RIDE IT OUT Could be nothing more than  stubborn indigestion,  but if there's still a question you can quell any doubts  if it dissipates with an antacid and an hour’s rest. But if  the cramping in your chest  persists well beyond the fix  you reach for in the medicine cabinet behind the mirror till you begin to suspect that this might be a symptom  of something more serious, maybe even a chronic condition,  let me first confirm your suspicion and then suggest this ache might actually be your pass- port out of here. If so—contrary to modern medicine and even more so as we draw ever near the border— don't lose it.

Class of 2024 and Other Ethereal Things

CLASS OF 2024 AND OTHER ETHEREAL THINGS After graduation night, hors d'oeuvre plates heaped with well-intentioned  lies about keeping in touch,  the dog left a baby bunny  on the front porch.
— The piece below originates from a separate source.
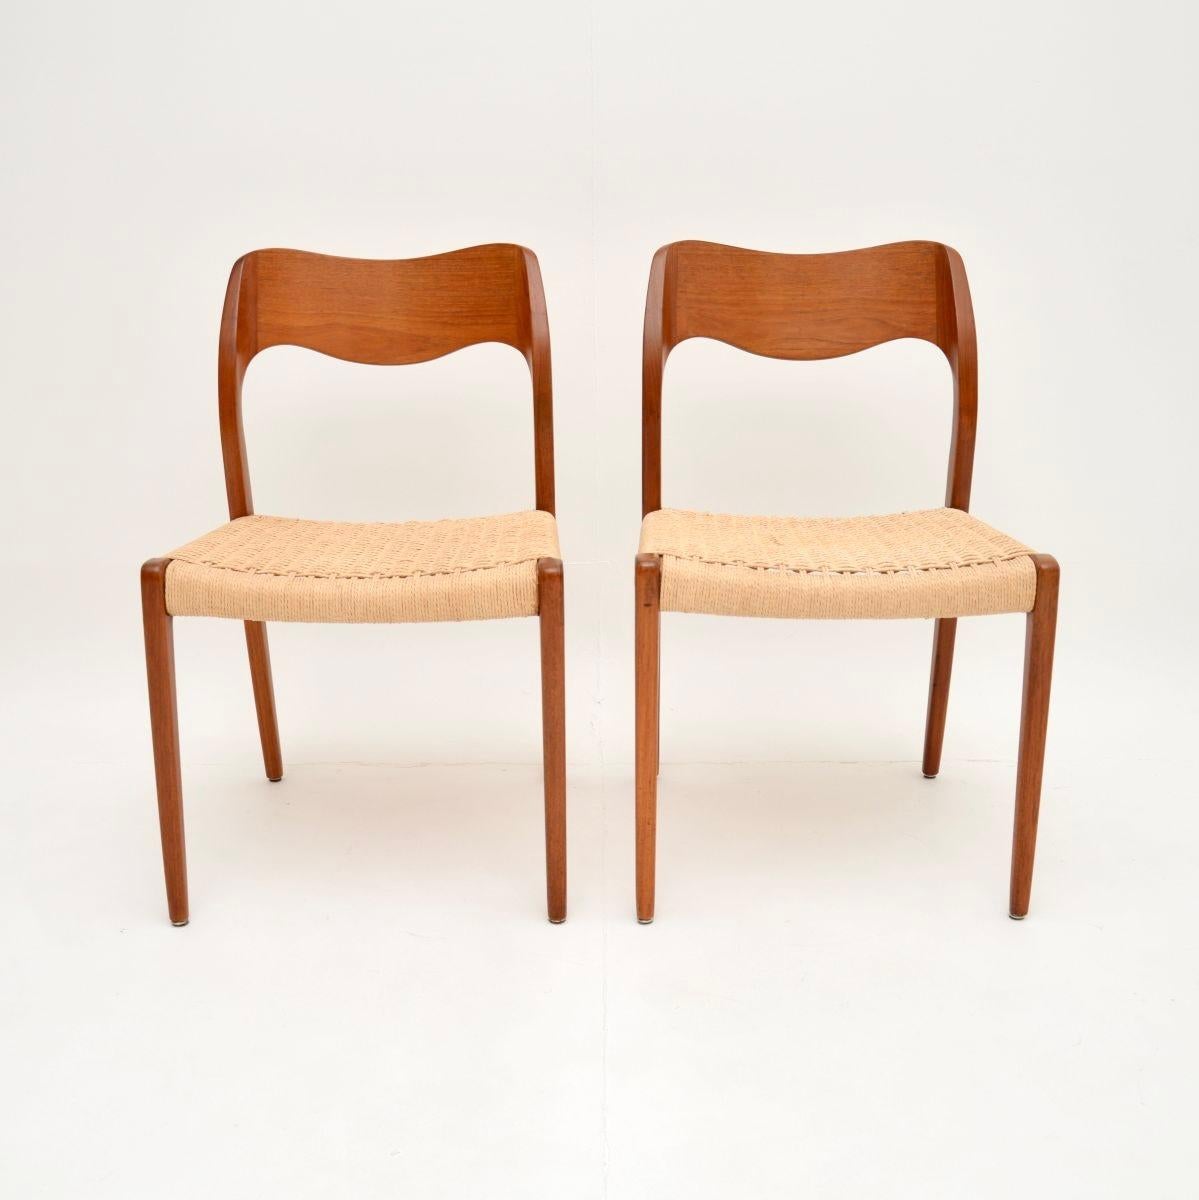 A stylish and iconic pair of Danish vintage teak model 71 chairs by Niels Moller. They were originally designed in 1951, this pair dates from around the 1960’s.

The solid teak frames are beautifully hand crafted, with a sculptural and comfortable

I carried it  in the shallow hollow of a shovel,  tucked it in dirt beneath the oak tree  next to the bluebird and the bat.  When I came back he’d snatched  another one from some unseen nest. I held it a moment. It was shocked and breathing fast. It’s a shivering thing, the moment,  and one too wild to bring inside and raise it as our own.  Maybe the best we can ask  is that it live to see another day,  and then a quiet front-porch view  to watch it slip away  beneath the blackberry hedge. 

Cicada Song

CICADA SONG — for my sophomores; stay “wise fools” foreve r Impossible to ignore you this time of year, cicadas  and seniors. Roughly seventeen  years to prepare and then suddenly  you’re there, red-eyed and hungry for wings if only keenly aware  that everything else is hungry too and likes the taste of you.  No expert here, but survival  seems to entail finding a firm tree  to cling to, a willingness  to vanish into a song far bigger than  the single note of a self, and then,  eventually, a slow emergence as you leave behind your hollow shell,  joining the rest of us as we make  our lilting way to light,  the old world both haunted  and hallowed with our husks.

Against the Grain

AGAINST THE GRAIN The room addition transitions  from hardwood to vinyl  plank without a lip, silent  as most stutter-worthy  thresholds prove to be in our brief trip across the living room, which is a momentary stop on this tedious tour where we are politely implored to ogle the collection of knick- knacks tacked on the wall, note the fresh coat of paint,  till with a glance against the grain we chance to look down to discover that somewhere the very ground was changed.